Propagation of a gravity current in an aquatic canopy: Insights from Large Eddy Simulations

Gravity currents forming on the bottom of rivers can encounter porous-like regions in which their propagation is slowed down due to the presence of natural or man-made obstacles. A classical example is the case of a vegetated canopy. Large Eddy Simulation (LES) is used to investigate the evolution of lock-exchange gravity currents with a high and a small volume of release propagating through a porous channel. The porous medium consists of an array of staggered cylinders of same diameter that are uniformly distributed over the whole depth and length of the channel. For the case of currents with a high volume of release, LES shows that low Reynolds number currents transition to a drag-dominated regime in which the front velocity, U-f, is proportional with t(-1/2), where t is the time measured starting at the release time. This power law exponential decay and its coefficient are in agreement with experiment and shallow water theory. By contrast, high Reynolds number currents with a high volume of release, for which the cylinder Reynolds number (Red) is high enough such that the drag coefficient on the cylinders can be considered constant, transition first to a drag dominated regime in which U-f similar to t(-0.25).
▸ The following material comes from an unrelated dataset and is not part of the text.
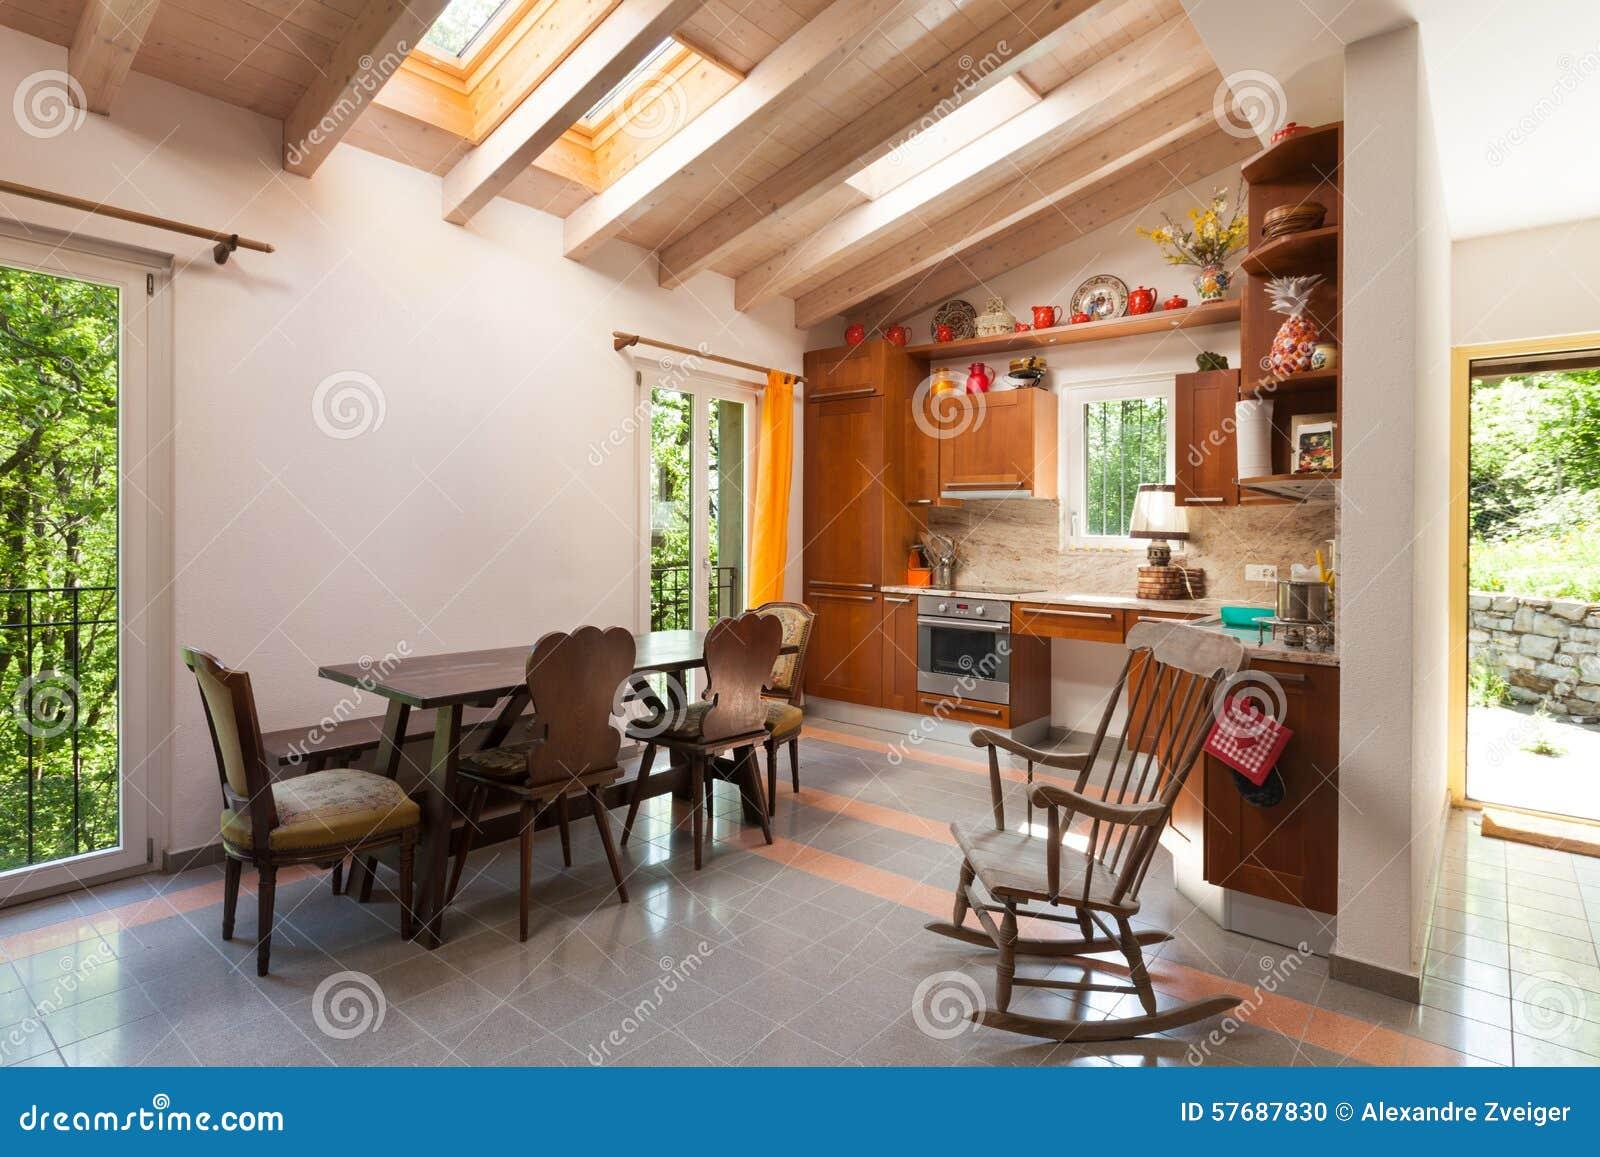 Casa Di Campagna, Cucina Fotografia Stock - Immagine: 57687830

The paper provides an explanation why the exponential decay parameter beta = -0.25 predicted for high Reynolds number currents is slightly different from the value predicted by shallow water theory (beta = -0.33). For the case of high Reynolds number gravity currents with a low volume of release and a sufficiently small ratio between the initial height of the lock fluid and the channel depth, H/H-c, LES predicts U-f similar to t(-1/2) during the drag dominated regime, which is in agreement with shallow water theory for H/H-c << 1. For the full depth of release case, LES predicts U-f similar to t(-3/5).